Data extracted from a collection:
= Beginning of Section =
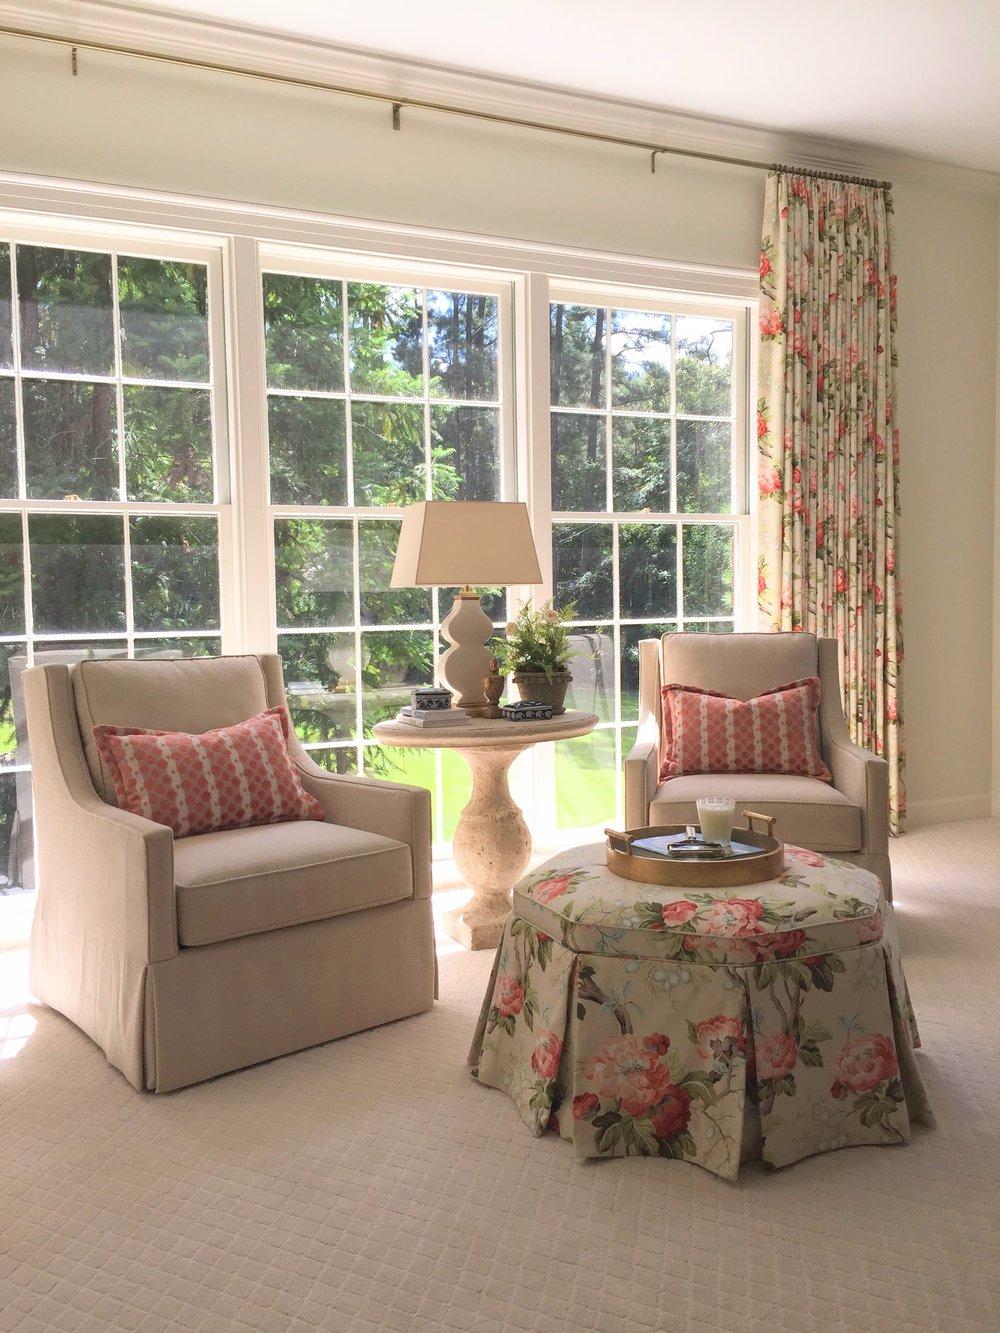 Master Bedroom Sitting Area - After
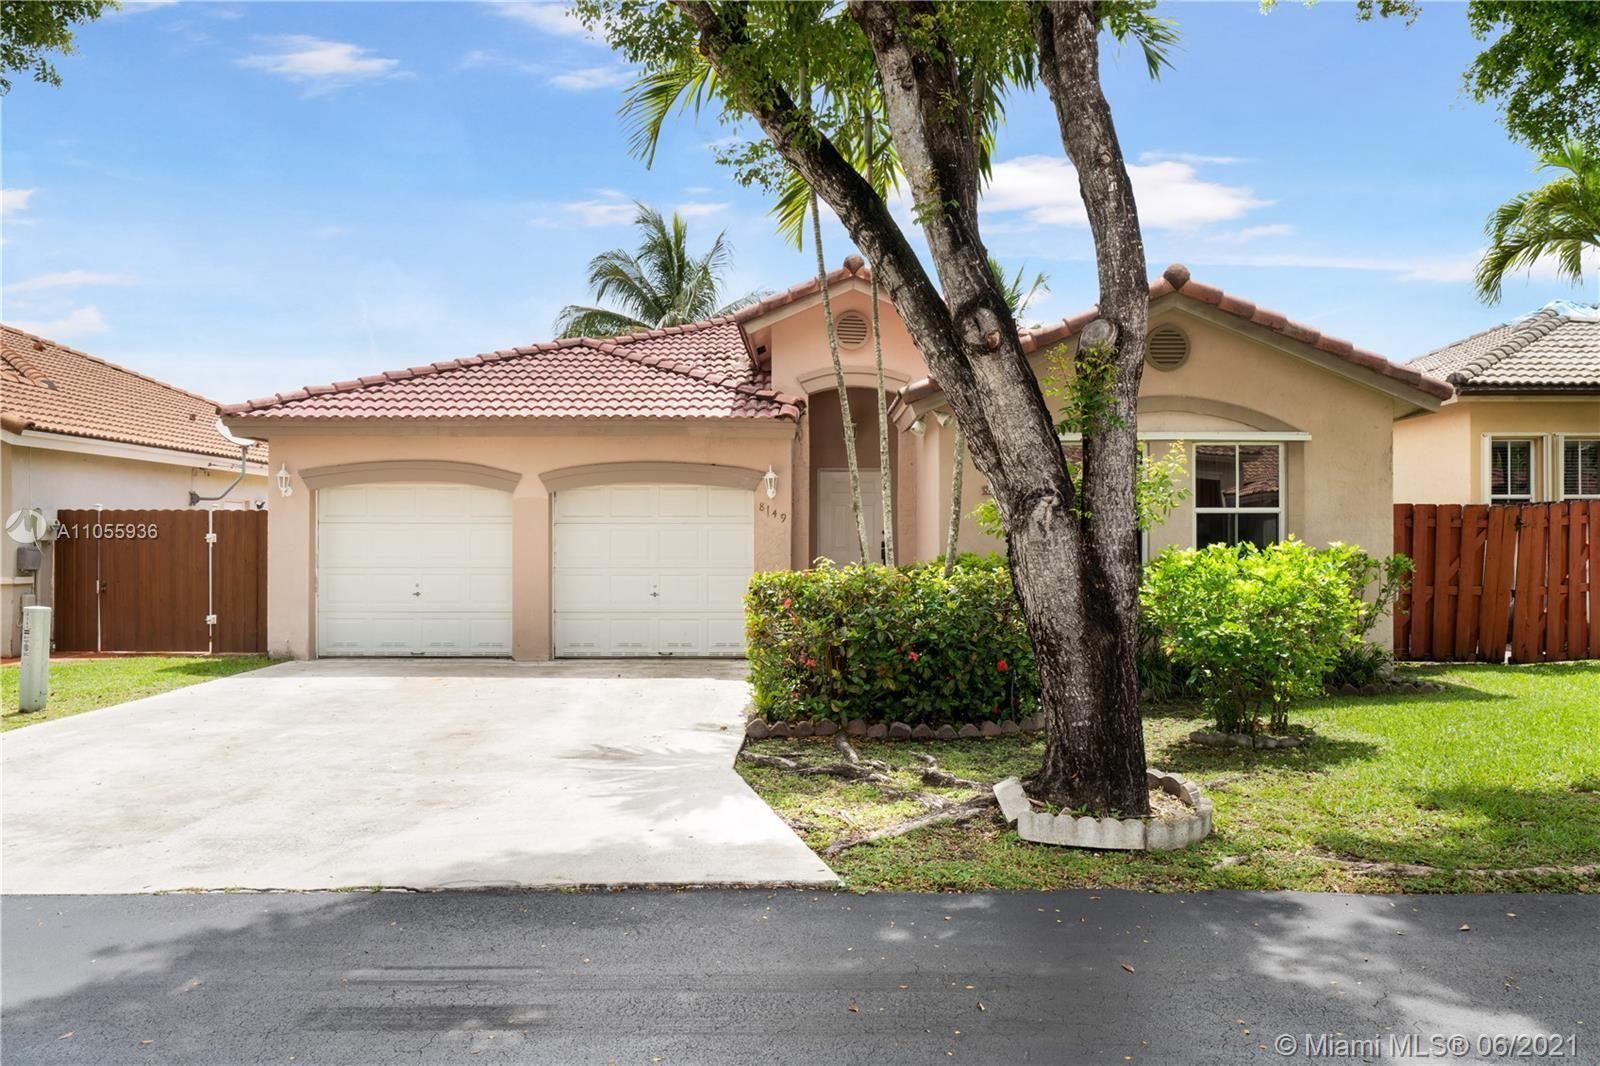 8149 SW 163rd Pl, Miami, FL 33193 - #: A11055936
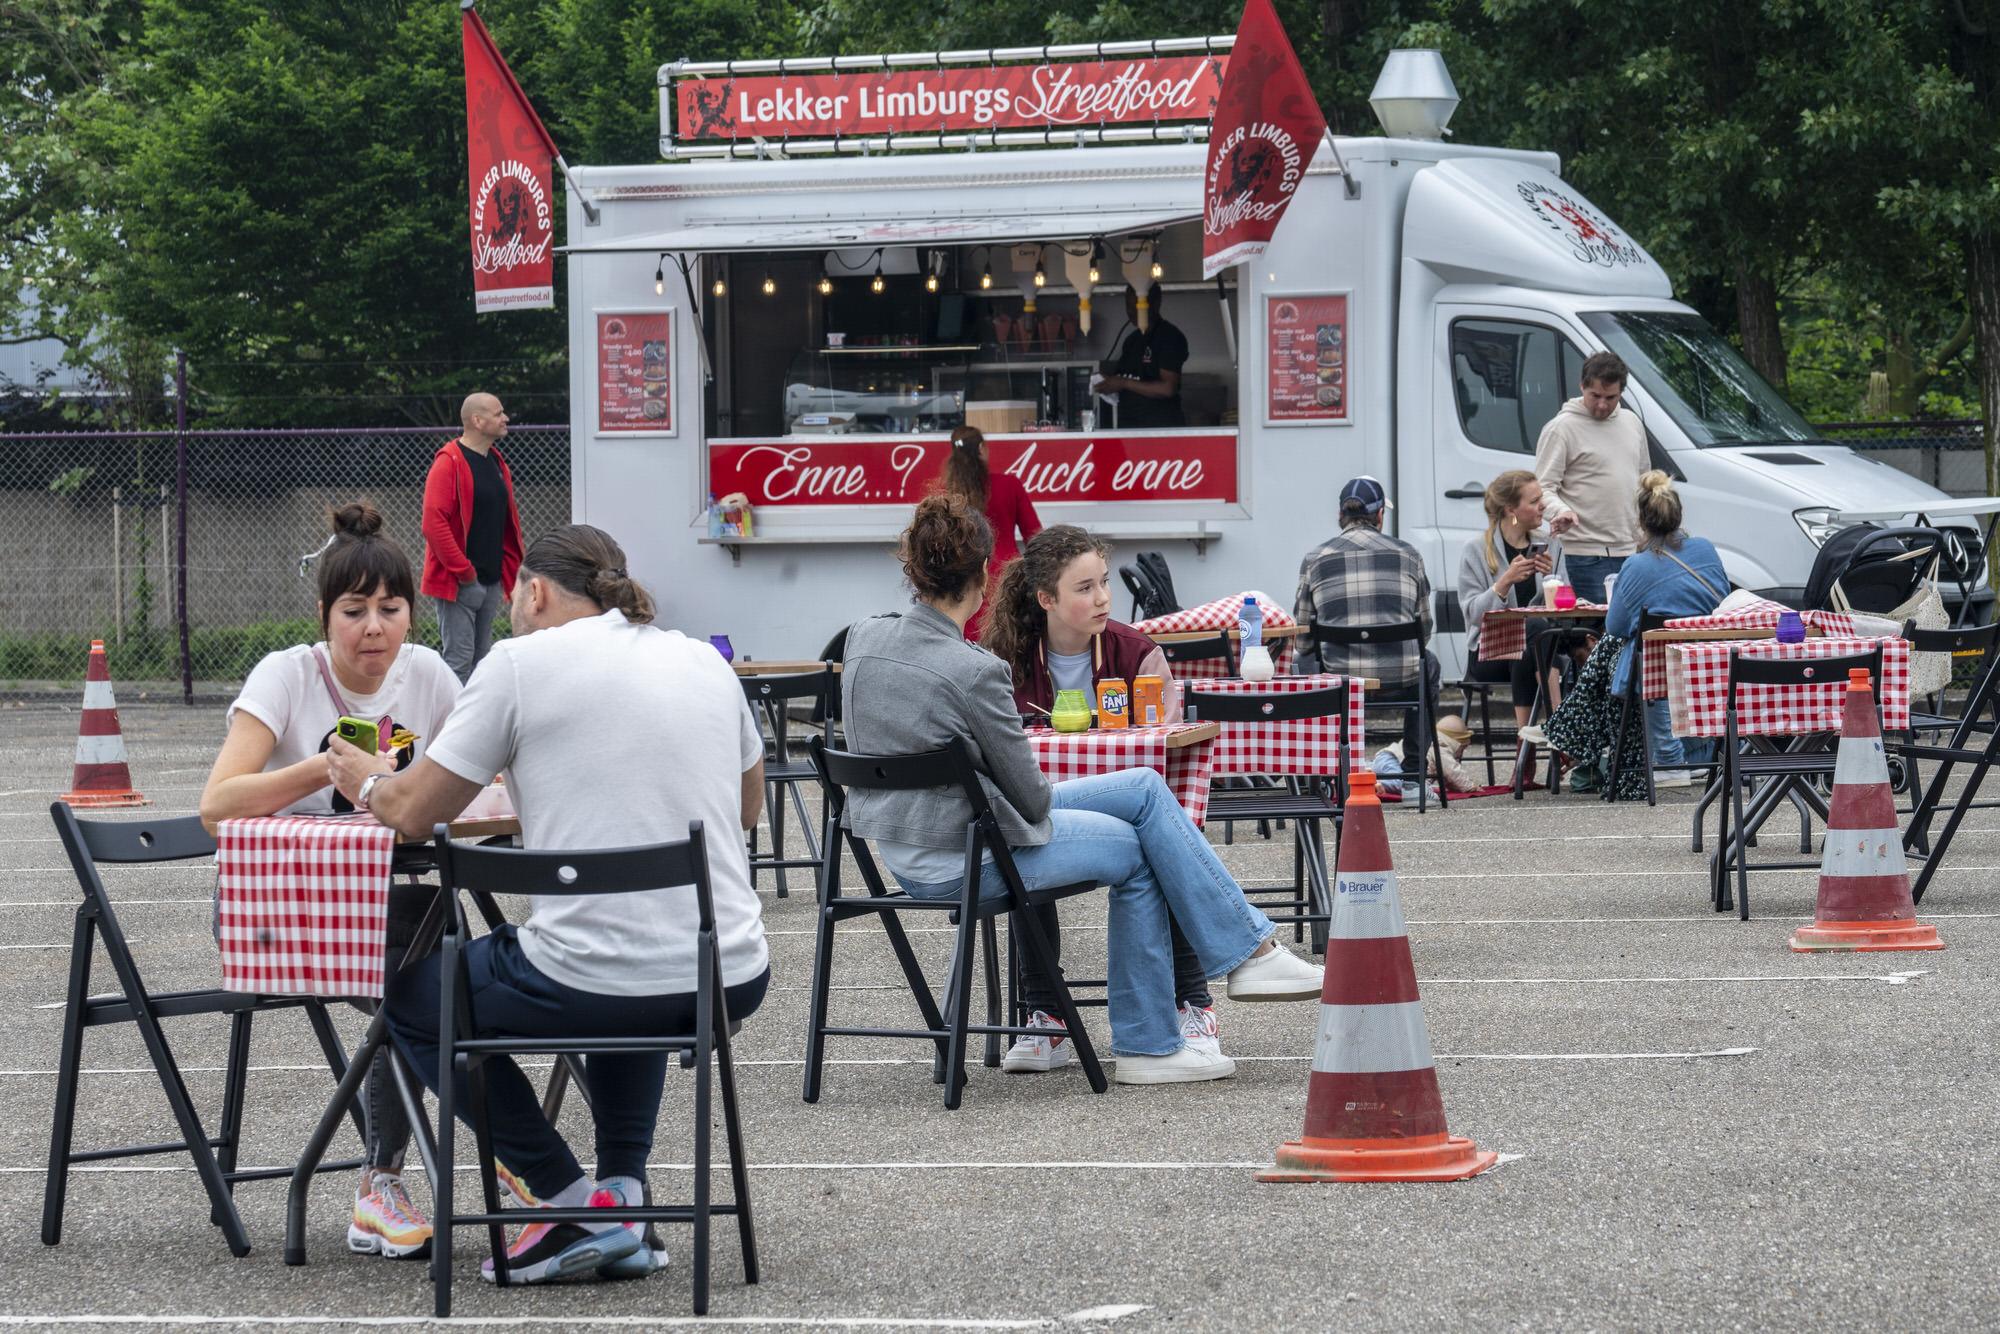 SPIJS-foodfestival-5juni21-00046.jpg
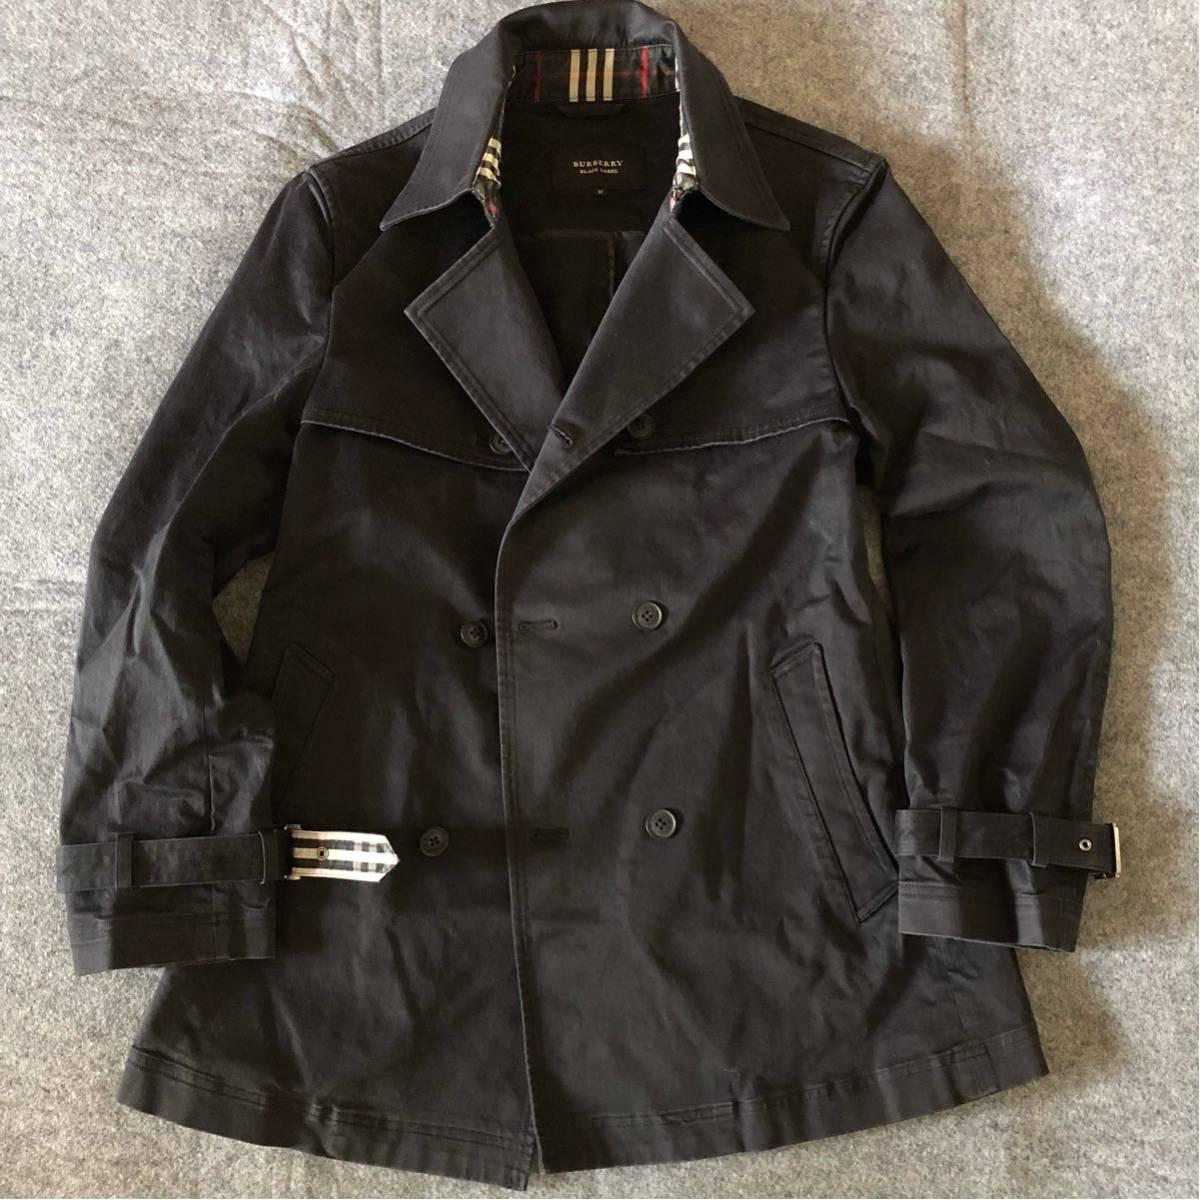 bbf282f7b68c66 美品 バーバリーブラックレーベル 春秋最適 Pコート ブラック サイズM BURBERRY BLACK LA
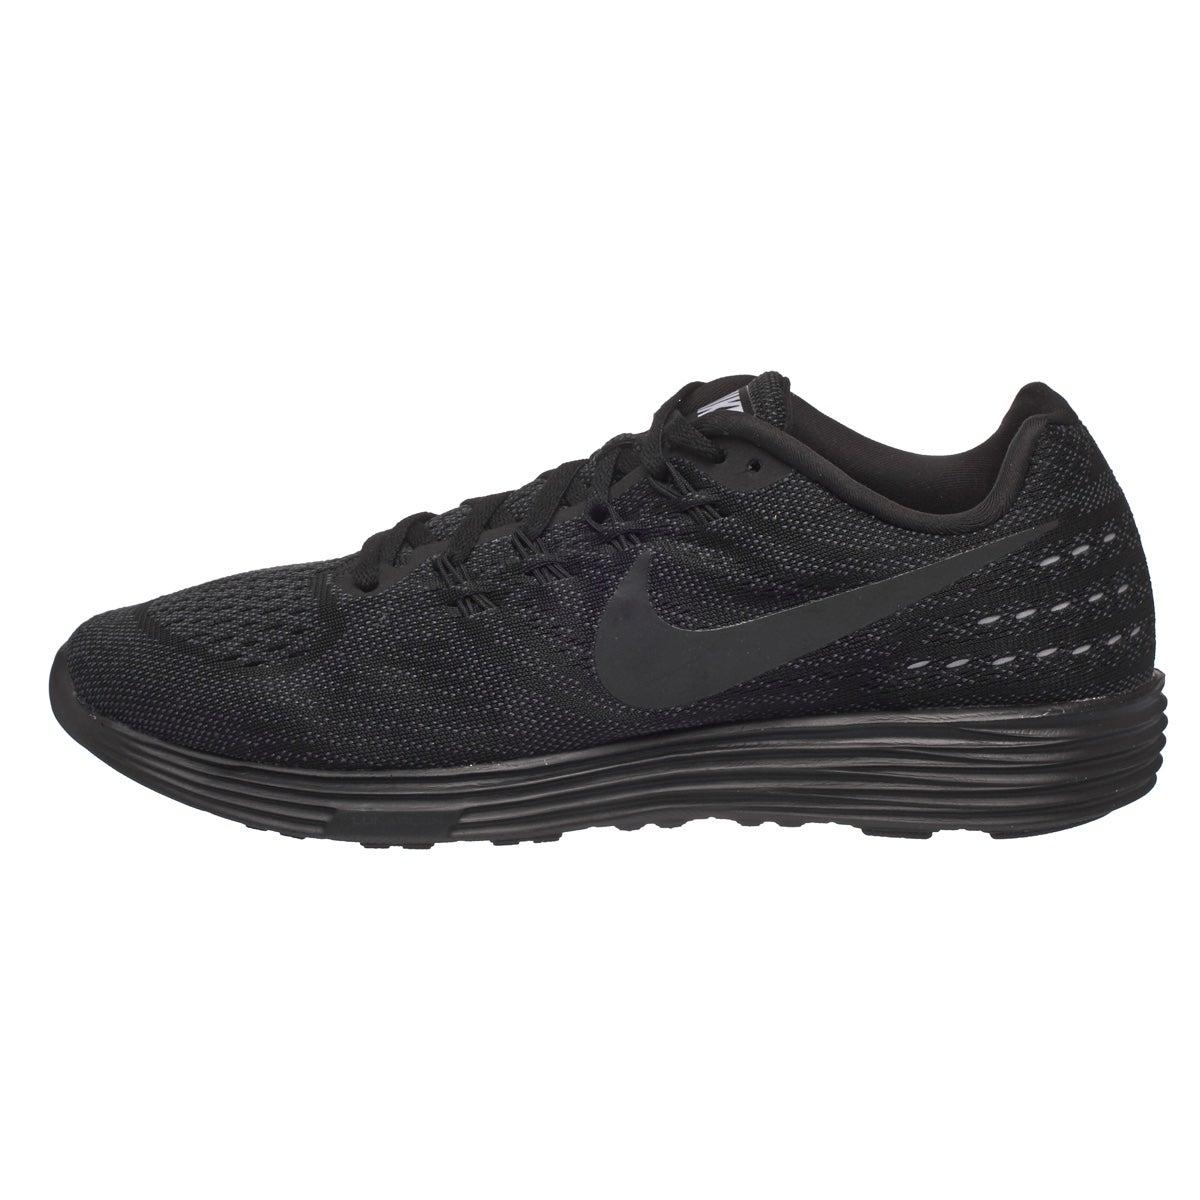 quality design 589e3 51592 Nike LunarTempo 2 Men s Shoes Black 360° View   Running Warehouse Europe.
= End of Section =
Exercise directions: Output each record above exactly; omit the images.

Exercise solution:
 Master Bedroom Sitting Area - After
 8149 SW 163rd Pl, Miami, FL 33193 - #: A11055936
 SPIJS-foodfestival-5juni21-00046.jpg
 bbf282f7b68c66 美品 バーバリーブラックレーベル 春秋最適 Pコート ブラック サイズM BURBERRY BLACK LA
 quality design 589e3 51592 Nike LunarTempo 2 Men s Shoes Black 360° View   Running Warehouse Europe.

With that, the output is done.